I’ve never watched one of these videos all the way through. But the one that popped up today was a young black man hearing the Beach Boys’ “Don’t Worry, Baby” for the first time. I was a little worried that he’d think it silly or old-fashioned (it’s from 1964) or that he’d view some of the lyrics as dumb. It is, after all, a combination love song/car song — the guy being in love with his girl, and worried about a drag race — that, in my opinion, is wonderful, even sublime.

Check out his reaction:

About the song.

Two Times the Fendertones Have Replicated the Beach Boys

The Fendertones are a group of singers and musicians who get together every so often to recreate recordings by the Beach Boys. Their performances not only sound great, they reveal how many voices and instruments Brian Wilson wove together when he was making classic records in the 60s.

First up, “Kiss Me Baby”, a beautiful song with an unfortunate title.
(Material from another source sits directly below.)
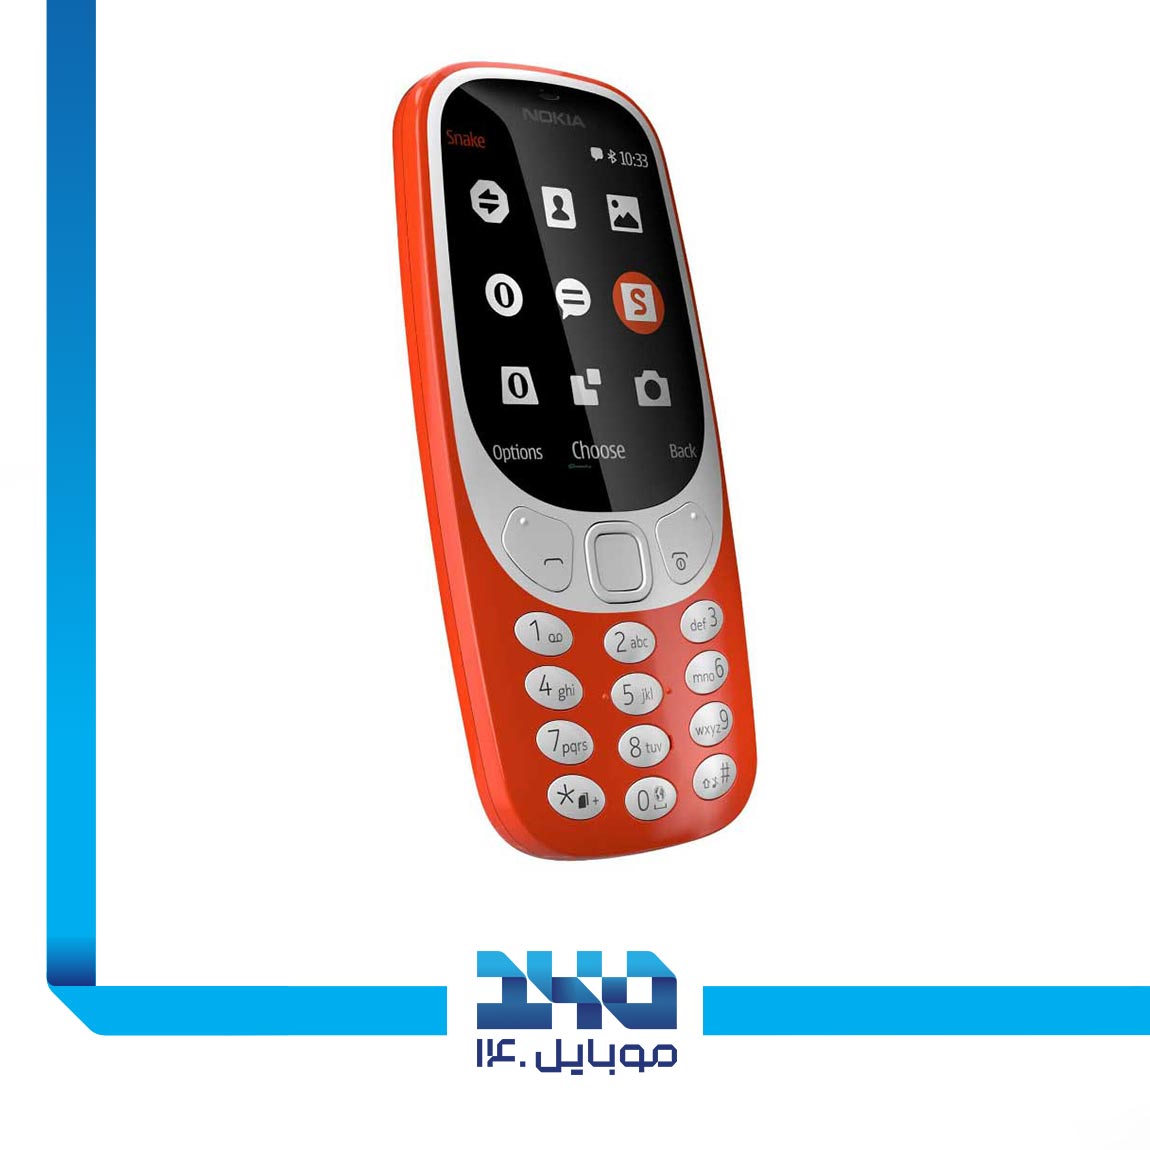 Nokia 3310 (FA) Mobile Phone 4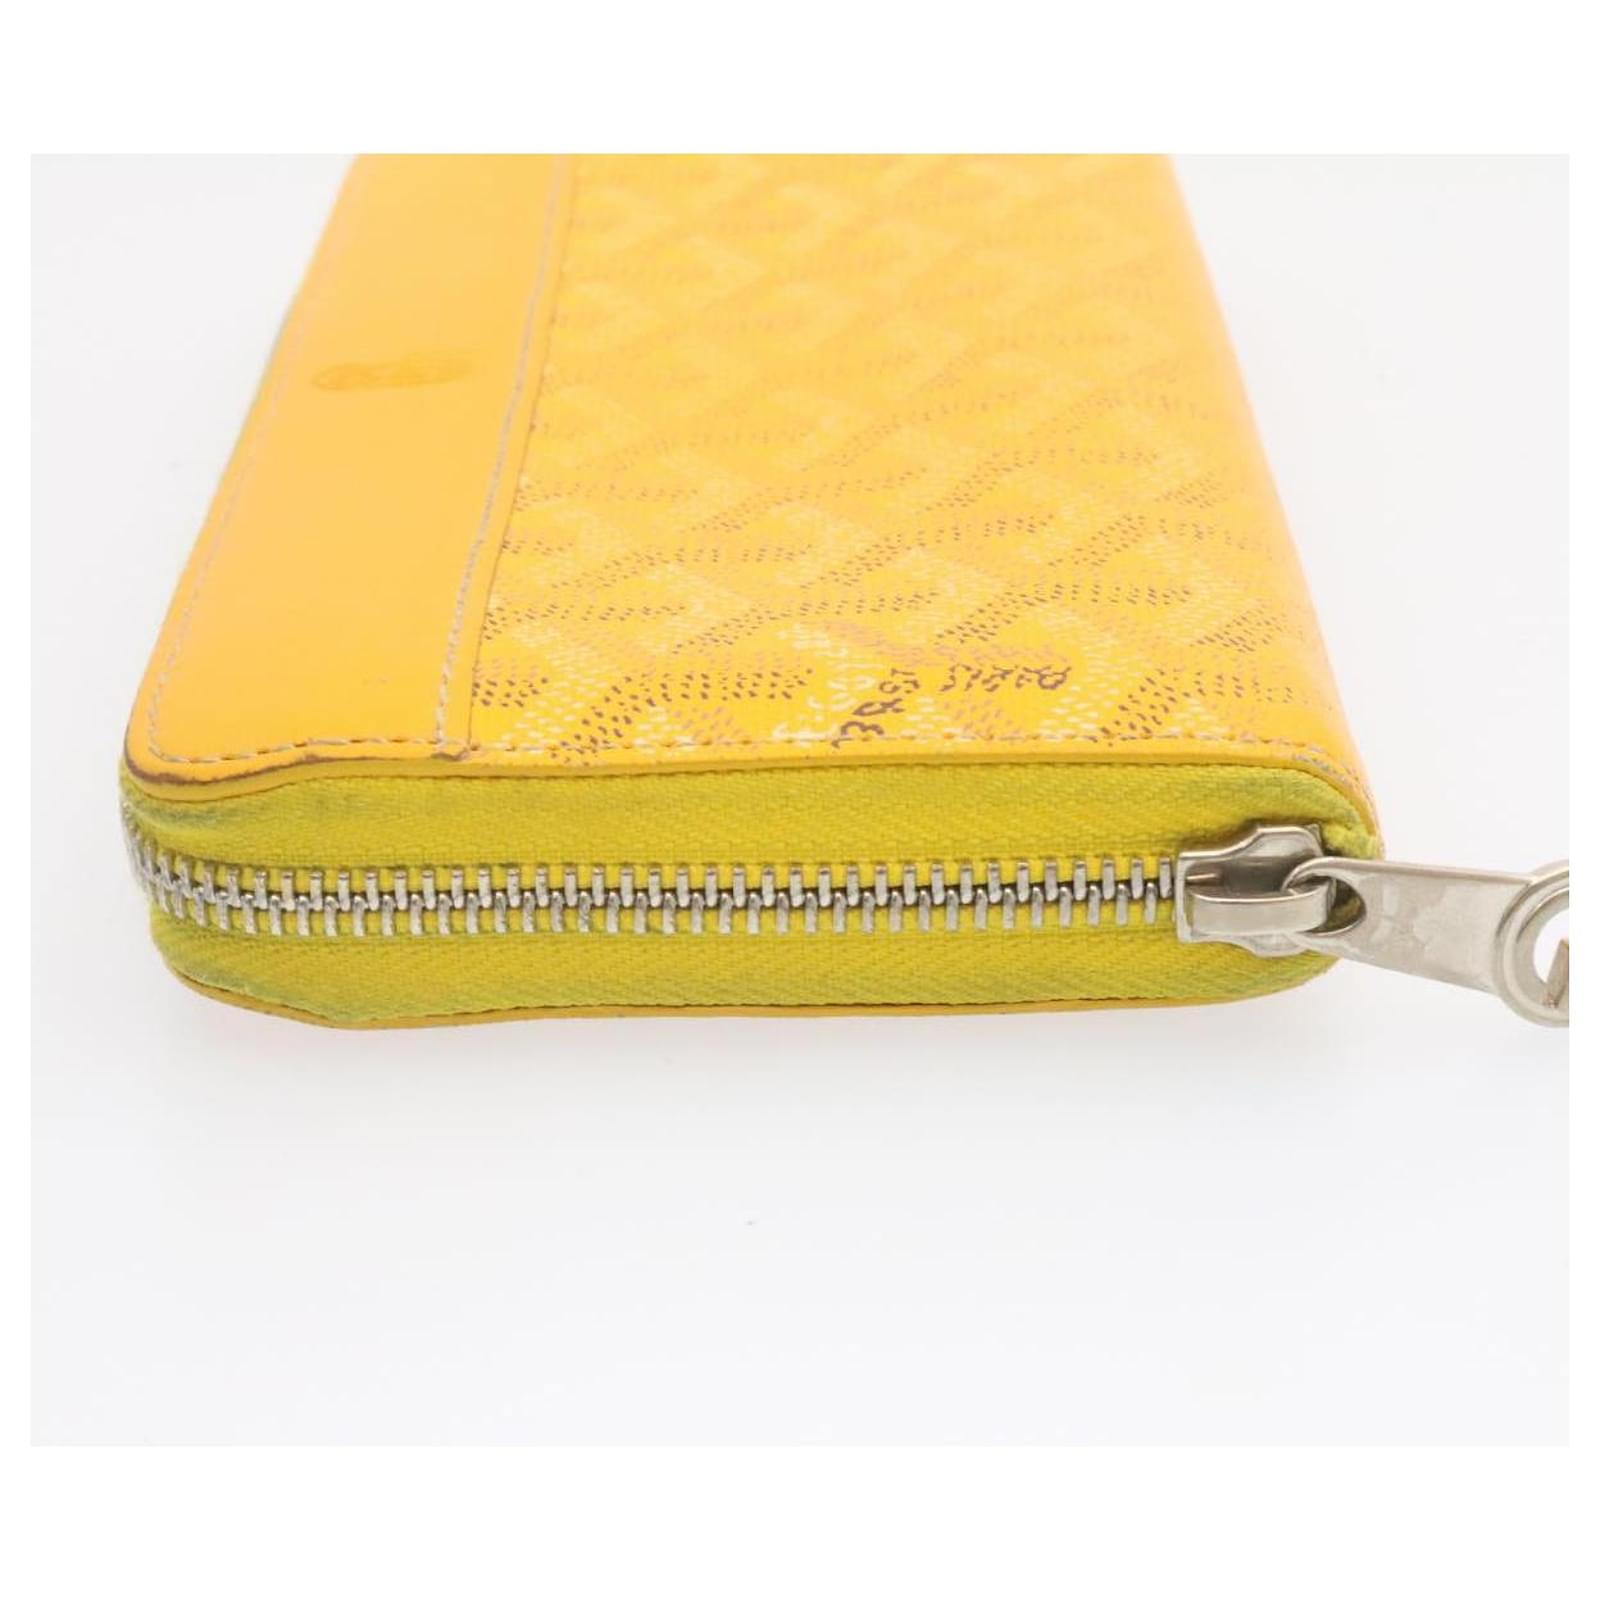 Goyard Long Wallet Yellow Chn020131 woman

It’s from The Beach Boys Today!, the group’s eighth studio album, released in March 1965. Wikipedia says “the album signaled a departure from their previous records with its orchestral approach, intimate subject matter, and abandonment of themes related to surfing, cars or superficial love”. It’s one of their best albums and “Kiss Me Baby” is one of their best songs. Here are the Fendertones doing it only forty-nine years after The Beach Boys Today! (I see I posted this video five years ago. I must like it a lot.)

Next is “Surf’s Up”. Brian Wilson and Van Dyke Parks wrote this non-surfing song for the Smile album, which was supposed to be finished in 1967. The Fendertones recreate it with the help of two actual (aged) Beach Boys and some of the non-Beach Boys who helped Wilson finish Smile in 2004. That album, Brian Wilson Presents Smile, scratched a 37-year-old itch and was greeted with euphoric reviews.